TASK OBJECTIVE: Set every entry down again exactly, omitting none.

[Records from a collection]
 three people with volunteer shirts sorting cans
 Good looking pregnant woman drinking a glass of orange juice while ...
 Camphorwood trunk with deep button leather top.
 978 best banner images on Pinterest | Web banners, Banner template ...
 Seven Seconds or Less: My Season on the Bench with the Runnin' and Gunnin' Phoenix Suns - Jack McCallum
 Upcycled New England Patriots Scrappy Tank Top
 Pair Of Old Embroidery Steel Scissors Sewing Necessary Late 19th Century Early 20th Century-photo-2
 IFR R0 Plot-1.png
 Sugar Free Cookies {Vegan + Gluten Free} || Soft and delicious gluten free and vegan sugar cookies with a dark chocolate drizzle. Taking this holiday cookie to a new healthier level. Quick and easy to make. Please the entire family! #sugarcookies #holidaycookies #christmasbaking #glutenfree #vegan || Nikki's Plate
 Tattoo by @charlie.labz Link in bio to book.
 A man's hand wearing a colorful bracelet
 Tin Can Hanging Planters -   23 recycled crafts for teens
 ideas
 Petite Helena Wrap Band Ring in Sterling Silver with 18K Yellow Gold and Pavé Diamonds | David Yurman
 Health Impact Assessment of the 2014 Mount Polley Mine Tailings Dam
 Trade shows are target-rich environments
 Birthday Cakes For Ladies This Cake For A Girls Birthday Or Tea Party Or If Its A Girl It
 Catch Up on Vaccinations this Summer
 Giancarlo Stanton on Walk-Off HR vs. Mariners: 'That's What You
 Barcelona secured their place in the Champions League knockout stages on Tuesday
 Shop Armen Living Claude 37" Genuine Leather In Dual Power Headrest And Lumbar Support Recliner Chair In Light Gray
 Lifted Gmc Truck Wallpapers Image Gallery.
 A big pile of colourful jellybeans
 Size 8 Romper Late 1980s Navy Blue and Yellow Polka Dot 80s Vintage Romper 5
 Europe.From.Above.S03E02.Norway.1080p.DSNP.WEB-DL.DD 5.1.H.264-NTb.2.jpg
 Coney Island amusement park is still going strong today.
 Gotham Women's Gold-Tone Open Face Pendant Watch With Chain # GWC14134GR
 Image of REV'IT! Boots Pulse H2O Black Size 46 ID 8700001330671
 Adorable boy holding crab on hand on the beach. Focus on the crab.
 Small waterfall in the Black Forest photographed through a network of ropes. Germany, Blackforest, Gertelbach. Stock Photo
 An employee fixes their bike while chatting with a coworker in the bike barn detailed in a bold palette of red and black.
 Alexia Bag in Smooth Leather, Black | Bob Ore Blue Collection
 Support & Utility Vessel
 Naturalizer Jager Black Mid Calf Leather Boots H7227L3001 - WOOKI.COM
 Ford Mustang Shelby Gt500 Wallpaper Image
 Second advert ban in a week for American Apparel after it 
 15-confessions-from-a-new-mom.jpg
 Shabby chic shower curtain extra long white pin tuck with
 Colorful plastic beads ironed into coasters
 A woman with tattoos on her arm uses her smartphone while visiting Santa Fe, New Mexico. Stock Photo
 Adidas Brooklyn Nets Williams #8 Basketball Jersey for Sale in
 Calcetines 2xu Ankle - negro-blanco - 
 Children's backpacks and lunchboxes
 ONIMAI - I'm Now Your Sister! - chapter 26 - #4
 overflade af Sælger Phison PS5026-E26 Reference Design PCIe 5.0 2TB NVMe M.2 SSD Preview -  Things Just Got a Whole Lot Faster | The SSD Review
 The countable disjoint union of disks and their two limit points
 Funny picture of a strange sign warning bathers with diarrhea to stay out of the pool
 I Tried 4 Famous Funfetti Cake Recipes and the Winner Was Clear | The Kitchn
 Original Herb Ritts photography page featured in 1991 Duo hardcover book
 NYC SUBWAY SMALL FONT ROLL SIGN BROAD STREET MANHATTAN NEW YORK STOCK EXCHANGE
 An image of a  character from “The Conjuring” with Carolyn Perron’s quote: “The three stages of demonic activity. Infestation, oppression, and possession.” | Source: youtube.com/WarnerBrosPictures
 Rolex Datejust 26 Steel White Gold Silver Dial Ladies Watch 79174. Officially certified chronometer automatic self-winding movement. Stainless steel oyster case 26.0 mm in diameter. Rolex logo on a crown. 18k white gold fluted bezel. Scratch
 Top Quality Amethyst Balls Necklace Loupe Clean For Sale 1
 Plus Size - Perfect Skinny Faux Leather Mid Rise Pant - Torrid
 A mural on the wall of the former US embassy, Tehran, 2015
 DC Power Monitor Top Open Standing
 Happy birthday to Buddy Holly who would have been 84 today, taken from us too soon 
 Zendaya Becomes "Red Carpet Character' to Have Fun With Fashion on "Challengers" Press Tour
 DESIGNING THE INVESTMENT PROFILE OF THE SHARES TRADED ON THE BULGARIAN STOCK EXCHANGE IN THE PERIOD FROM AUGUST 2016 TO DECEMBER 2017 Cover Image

EXERCISE ANSWER:
 three people with volunteer shirts sorting cans
 Good looking pregnant woman drinking a glass of orange juice while ...
 Camphorwood trunk with deep button leather top.
 978 best banner images on Pinterest | Web banners, Banner template ...
 Seven Seconds or Less: My Season on the Bench with the Runnin' and Gunnin' Phoenix Suns - Jack McCallum
 Upcycled New England Patriots Scrappy Tank Top
 Pair Of Old Embroidery Steel Scissors Sewing Necessary Late 19th Century Early 20th Century-photo-2
 IFR R0 Plot-1.png
 Sugar Free Cookies {Vegan + Gluten Free} || Soft and delicious gluten free and vegan sugar cookies with a dark chocolate drizzle. Taking this holiday cookie to a new healthier level. Quick and easy to make. Please the entire family! #sugarcookies #holidaycookies #christmasbaking #glutenfree #vegan || Nikki's Plate
 Tattoo by @charlie.labz Link in bio to book.
 A man's hand wearing a colorful bracelet
 Tin Can Hanging Planters -   23 recycled crafts for teens
 ideas
 Petite Helena Wrap Band Ring in Sterling Silver with 18K Yellow Gold and Pavé Diamonds | David Yurman
 Health Impact Assessment of the 2014 Mount Polley Mine Tailings Dam
 Trade shows are target-rich environments
 Birthday Cakes For Ladies This Cake For A Girls Birthday Or Tea Party Or If Its A Girl It
 Catch Up on Vaccinations this Summer
 Giancarlo Stanton on Walk-Off HR vs. Mariners: 'That's What You
 Barcelona secured their place in the Champions League knockout stages on Tuesday
 Shop Armen Living Claude 37" Genuine Leather In Dual Power Headrest And Lumbar Support Recliner Chair In Light Gray
 Lifted Gmc Truck Wallpapers Image Gallery.
 A big pile of colourful jellybeans
 Size 8 Romper Late 1980s Navy Blue and Yellow Polka Dot 80s Vintage Romper 5
 Europe.From.Above.S03E02.Norway.1080p.DSNP.WEB-DL.DD 5.1.H.264-NTb.2.jpg
 Coney Island amusement park is still going strong today.
 Gotham Women's Gold-Tone Open Face Pendant Watch With Chain # GWC14134GR
 Image of REV'IT! Boots Pulse H2O Black Size 46 ID 8700001330671
 Adorable boy holding crab on hand on the beach. Focus on the crab.
 Small waterfall in the Black Forest photographed through a network of ropes. Germany, Blackforest, Gertelbach. Stock Photo
 An employee fixes their bike while chatting with a coworker in the bike barn detailed in a bold palette of red and black.
 Alexia Bag in Smooth Leather, Black | Bob Ore Blue Collection
 Support & Utility Vessel
 Naturalizer Jager Black Mid Calf Leather Boots H7227L3001 - WOOKI.COM
 Ford Mustang Shelby Gt500 Wallpaper Image
 Second advert ban in a week for American Apparel after it 
 15-confessions-from-a-new-mom.jpg
 Shabby chic shower curtain extra long white pin tuck with
 Colorful plastic beads ironed into coasters
 A woman with tattoos on her arm uses her smartphone while visiting Santa Fe, New Mexico. Stock Photo
 Adidas Brooklyn Nets Williams #8 Basketball Jersey for Sale in
 Calcetines 2xu Ankle - negro-blanco - 
 Children's backpacks and lunchboxes
 ONIMAI - I'm Now Your Sister! - chapter 26 - #4
 overflade af Sælger Phison PS5026-E26 Reference Design PCIe 5.0 2TB NVMe M.2 SSD Preview -  Things Just Got a Whole Lot Faster | The SSD Review
 The countable disjoint union of disks and their two limit points
 Funny picture of a strange sign warning bathers with diarrhea to stay out of the pool
 I Tried 4 Famous Funfetti Cake Recipes and the Winner Was Clear | The Kitchn
 Original Herb Ritts photography page featured in 1991 Duo hardcover book
 NYC SUBWAY SMALL FONT ROLL SIGN BROAD STREET MANHATTAN NEW YORK STOCK EXCHANGE
 An image of a  character from “The Conjuring” with Carolyn Perron’s quote: “The three stages of demonic activity. Infestation, oppression, and possession.” | Source: youtube.com/WarnerBrosPictures
 Rolex Datejust 26 Steel White Gold Silver Dial Ladies Watch 79174. Officially certified chronometer automatic self-winding movement. Stainless steel oyster case 26.0 mm in diameter. Rolex logo on a crown. 18k white gold fluted bezel. Scratch
 Top Quality Amethyst Balls Necklace Loupe Clean For Sale 1
 Plus Size - Perfect Skinny Faux Leather Mid Rise Pant - Torrid
 A mural on the wall of the former US embassy, Tehran, 2015
 DC Power Monitor Top Open Standing
 Happy birthday to Buddy Holly who would have been 84 today, taken from us too soon 
 Zendaya Becomes "Red Carpet Character' to Have Fun With Fashion on "Challengers" Press Tour
 DESIGNING THE INVESTMENT PROFILE OF THE SHARES TRADED ON THE BULGARIAN STOCK EXCHANGE IN THE PERIOD FROM AUGUST 2016 TO DECEMBER 2017 Cover Image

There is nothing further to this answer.